It's finally here: the time of year when folks like to take a look back at the year that was or make predictions about the year ahead.

If you're like me, looking back is like slicing open old wounds. So I'm going to spend the next few weeks discussing investing opportunities for 2009. I'll select some of the sectors that I follow, and then go out on a limb and predict next year's biggest winners.

I'll kick this off by taking a look at search engines.

The state of search
There were 7.8 billion searches performed in this country in October, according to Nielsen Online. That is a surprising 2% decline compared to last October's throughput. Combine that grim stat with the sorry state of marketing budgets in this sluggish economy and this doesn't seem to be the industry's finest hour.

Thankfully, not all search engines are the same. Let's dig deeper into the Nielsen data.

October 2008

Market Share

YOY Gain/(Loss)

Google

61.2%

8.1%

Yahoo!

16.9%

(12.0%)

MSN/Windows Live

11.4%

(19.0%)

AOL

4.3%

14.5%

Ask.com

2.3%

(22.9%)

Source: Nielsen Online MegaView Search.

Everyone knows that Google (NASDAQ:GOOG) is the market share leader, with a thick 61% slice of the pie. However, it is also gaining market share at the expense of Yahoo! (NASDAQ:YHOO) and Microsoft (NASDAQ:MSFT). Only Time Warner's (NYSE:TWX) AOL is taking healthier steps, but don't read too much into that. AOL has been yielding market share for years, so it was due for a dead cat bounce. Gaining 14.5% to hit a 4.3% slice is also smaller in absolute basis points than a larger company gaining 8.1% to reach 61.2% of the queries.

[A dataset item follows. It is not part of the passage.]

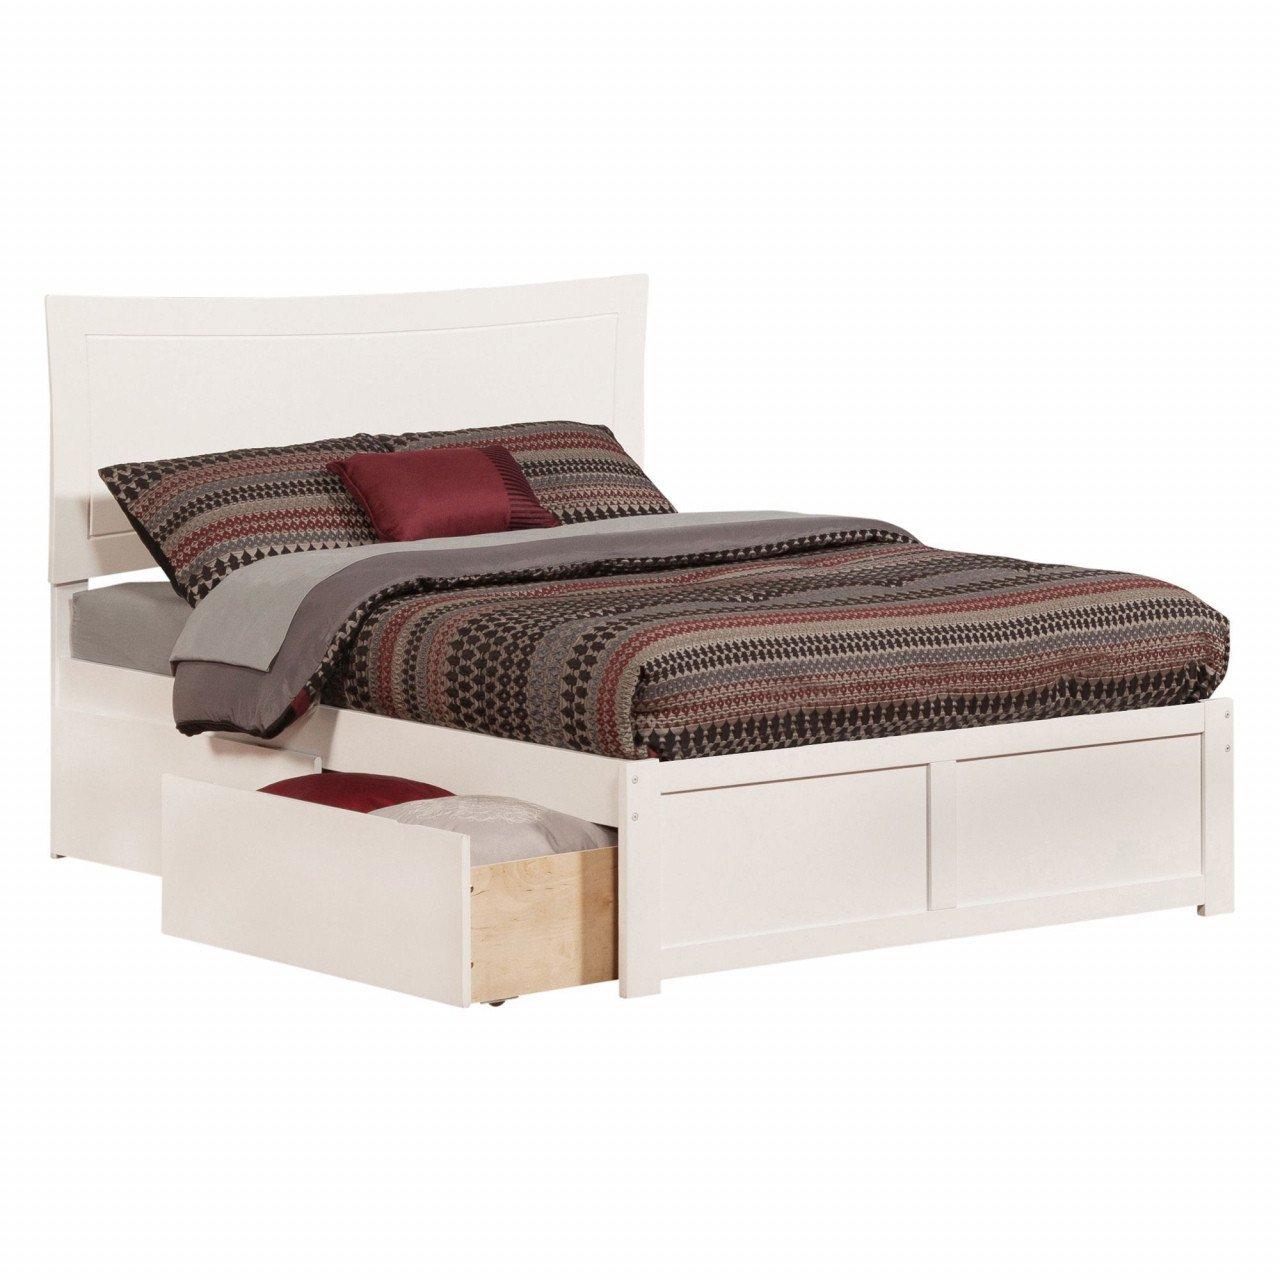 Hammock Bed for Bedroom Unique Drawers Under Bed — Procura Home Blog

This leaves us with IAC's (NASDAQ:IACI) Ask.com. I think IAC is an attractively priced stock at this point, now that Barry Diller has split his media entertainment empire into five distinct companies. However, it would be hard to give top honors to a search engine player with waning traffic.

And the winner is: Google
How can one bet against Google at this point? It's widening the gap between itself and its two largest competitors. Analysts have been lowering their profit targets on the company -- and understandably so, given the softening ad market -- but the stock price has plummeted even more.

Google closed yesterday at just 14 times this year's projected profitability, and a mere 12 times next year's target. Admit it. You never thought that Google would get this cheap. When media markets bounce back, it will be the companies that gained market share during the lull -- like Google -- that truly spring back into life.

First runner-up: Baidu.com
You didn't think I would limit myself to just the stateside players, did you? Baidu.com (NASDAQ:BIDU) is the Google of China, with a similarly dominant market share. It's also hard to beat the price these days, with Baidu fetching just 18 times next year's earnings estimates. Since Baidu is growing quicker than Google, in a market growing quicker than Google's worldwide reach, Baidu is worthy of a premium.

Unfortunately, the reason that Baidu is trading with a forward P/E in the teens for the first time since going public three years ago is not pretty. The company got called out for accepting ads from unlicensed medical sponsors, a seemingly thin niche that makes up a troublesome 10% to 15% of total revenue at Baidu.

Baidu is doing its best to clean up its act, but this could be a double-whammy if it costs the company advertisers in the near term and integrity-seeking searchers in the long run. The warts are clearly there, but it's hard to ignore the huge upside potential here if Baidu gets it right.

For those troubled by Baidu's hiccups, a great alternative would be Sohu.com (NASDAQ:SOHU). Its Sogou search engine is tiny compared to Baidu, but the company provides new media diversification, and closed yesterday at less than 10 times next year's bottom-line guesstimates.

Second runner-up: Yahoo!
Yes, Yahoo!. At this price, it's hard to pass on the industry's distant silver medalist. Just consider the potential catalysts that may move shares of Yahoo! higher:

  • The CEO hunt to replace Jerry Yang may nab a magnetic outsider.
  • Microsoft has made it clear that it's not interested in renewing buyout talks, but it's hard to see how Microsoft can take on Google without Yahoo!.
  • Yahoo! has several Asian investments that may bounce back into favor even if Yahoo! itself remains stagnant.

No one needs to tell me that Yahoo! is broken and a laggard. I know it. However, as long as it remains a profitable and somewhat relevant player, the upside is so much greater than the downside.

So that's it! That's how I see search engine stocks stacking up in 2009. I'll be back with more sectors over the next few days.